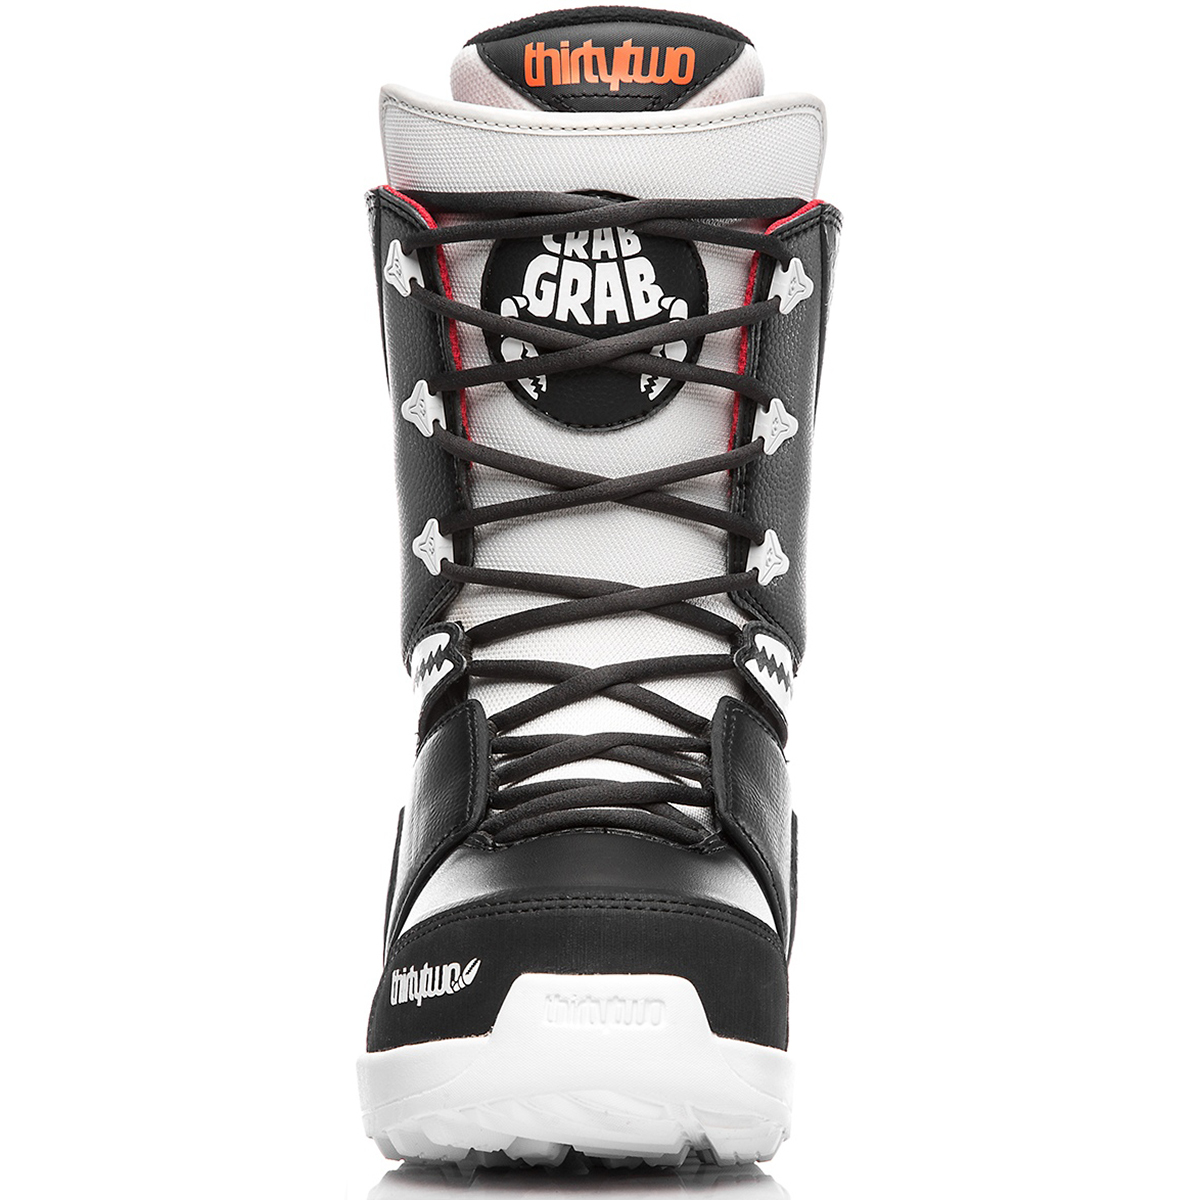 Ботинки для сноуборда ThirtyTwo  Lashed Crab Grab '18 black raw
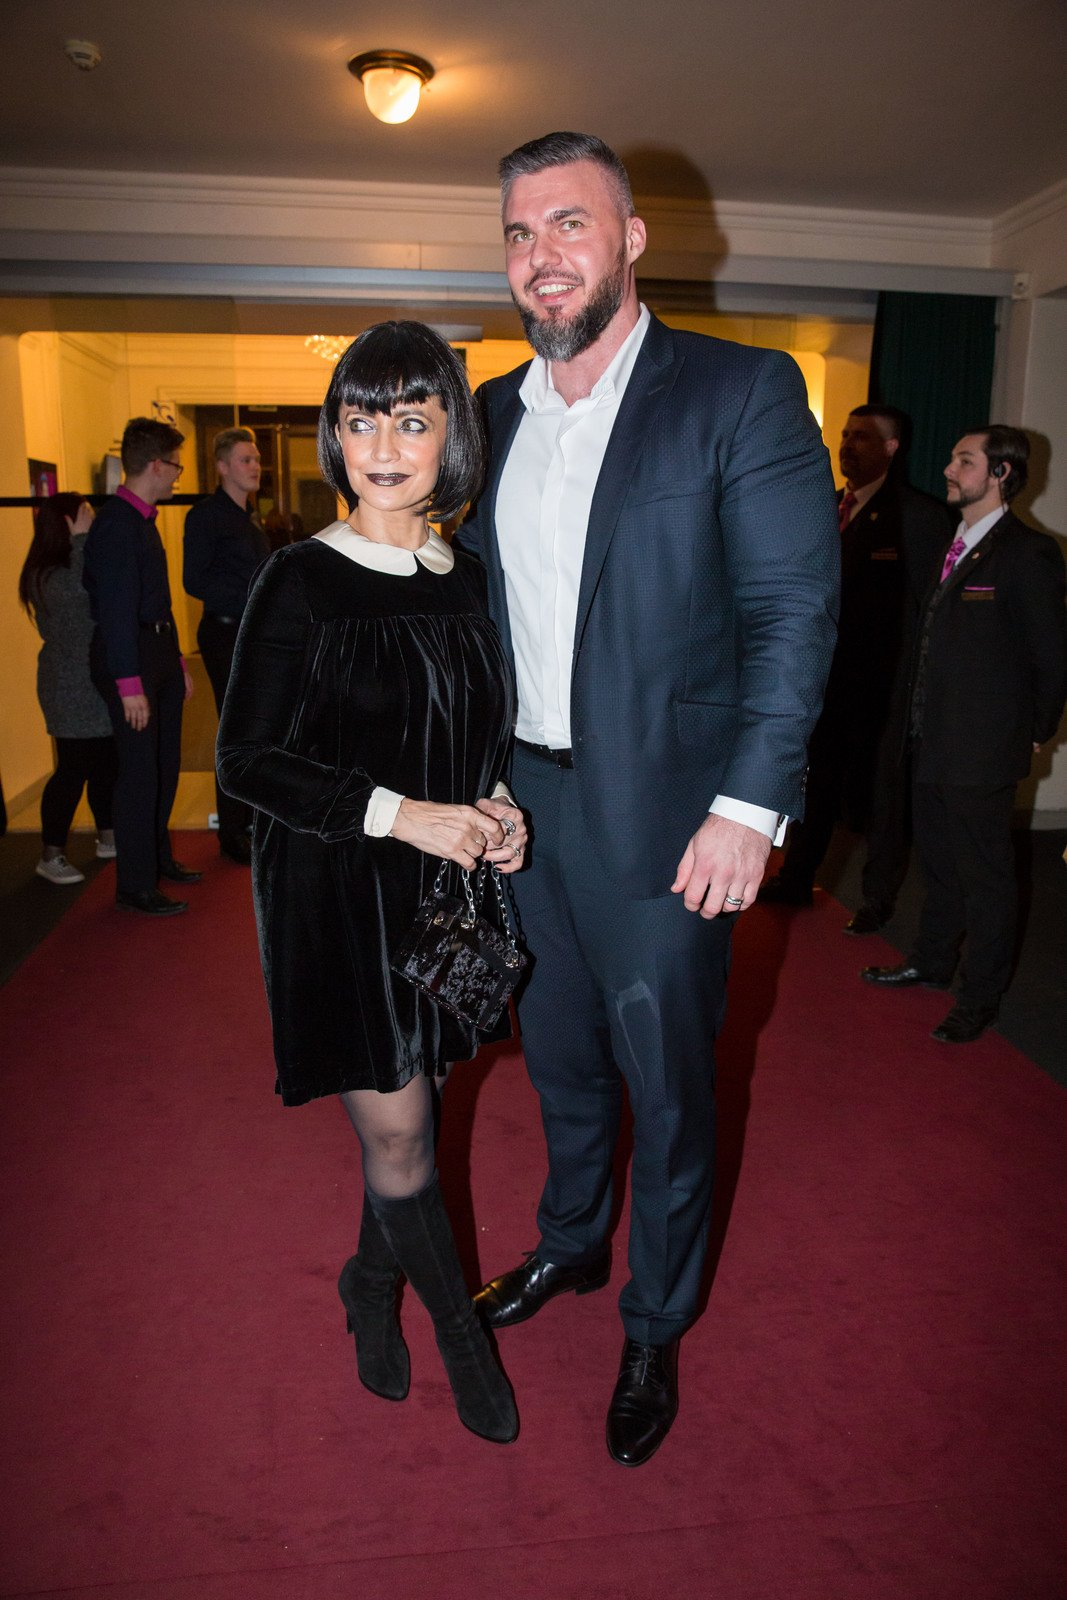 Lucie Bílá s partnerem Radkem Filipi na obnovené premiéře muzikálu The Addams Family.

---

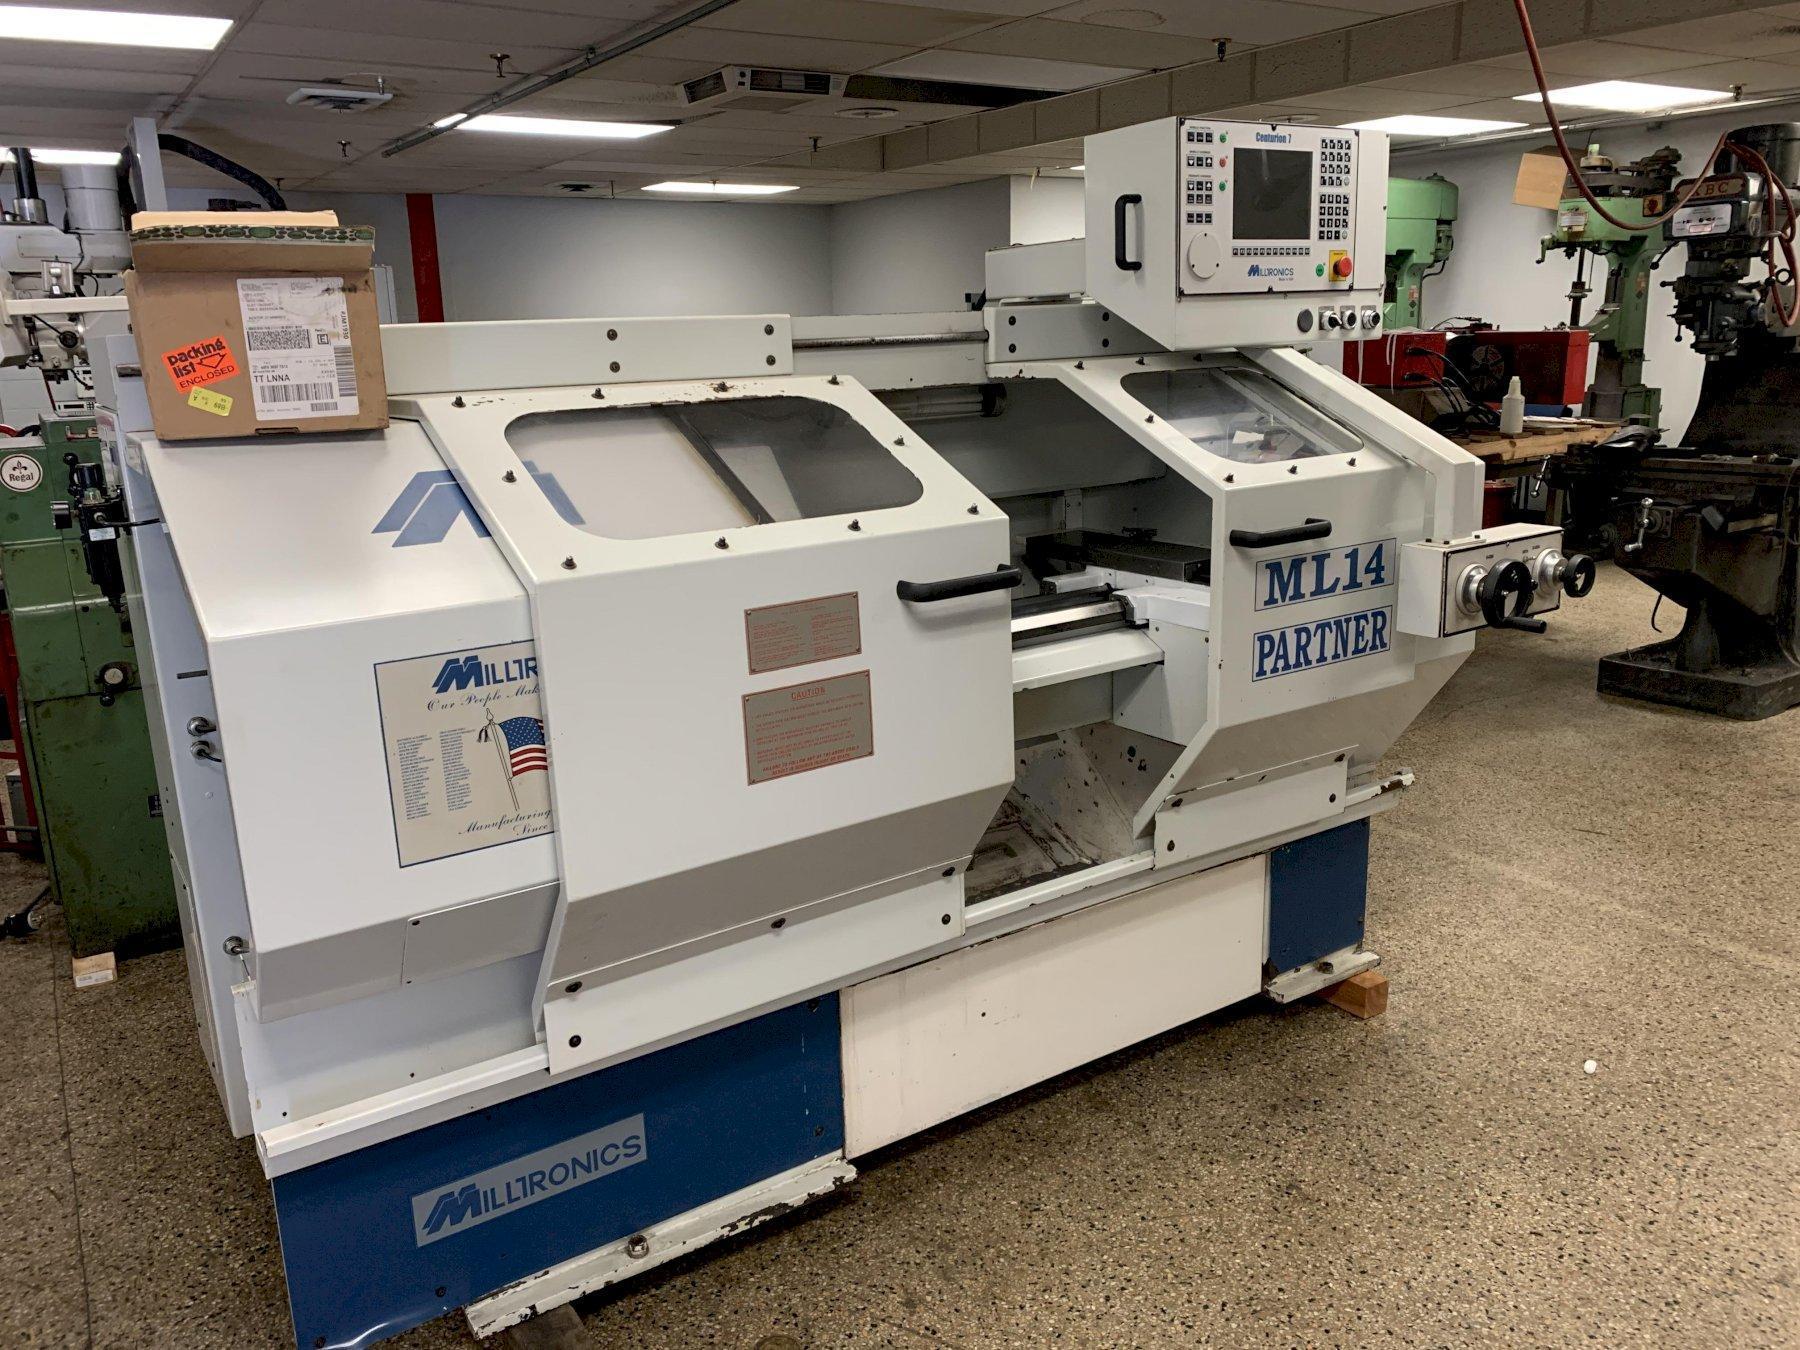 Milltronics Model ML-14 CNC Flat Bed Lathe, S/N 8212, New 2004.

...

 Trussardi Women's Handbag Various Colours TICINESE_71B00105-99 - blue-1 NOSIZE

> _Aim of the task_
Go back to the listing above and reproduce, exactly, the stretch from the line bearing "Ботинки для сноуборда" through the line bearing "Lucie Bílá s", without its pictures.

> _Solution for this problem_
 Ботинки для сноуборда ThirtyTwo  Lashed Crab Grab '18 black raw
 Lucie Bílá s partnerem Radkem Filipi na obnovené premiéře muzikálu The Addams Family.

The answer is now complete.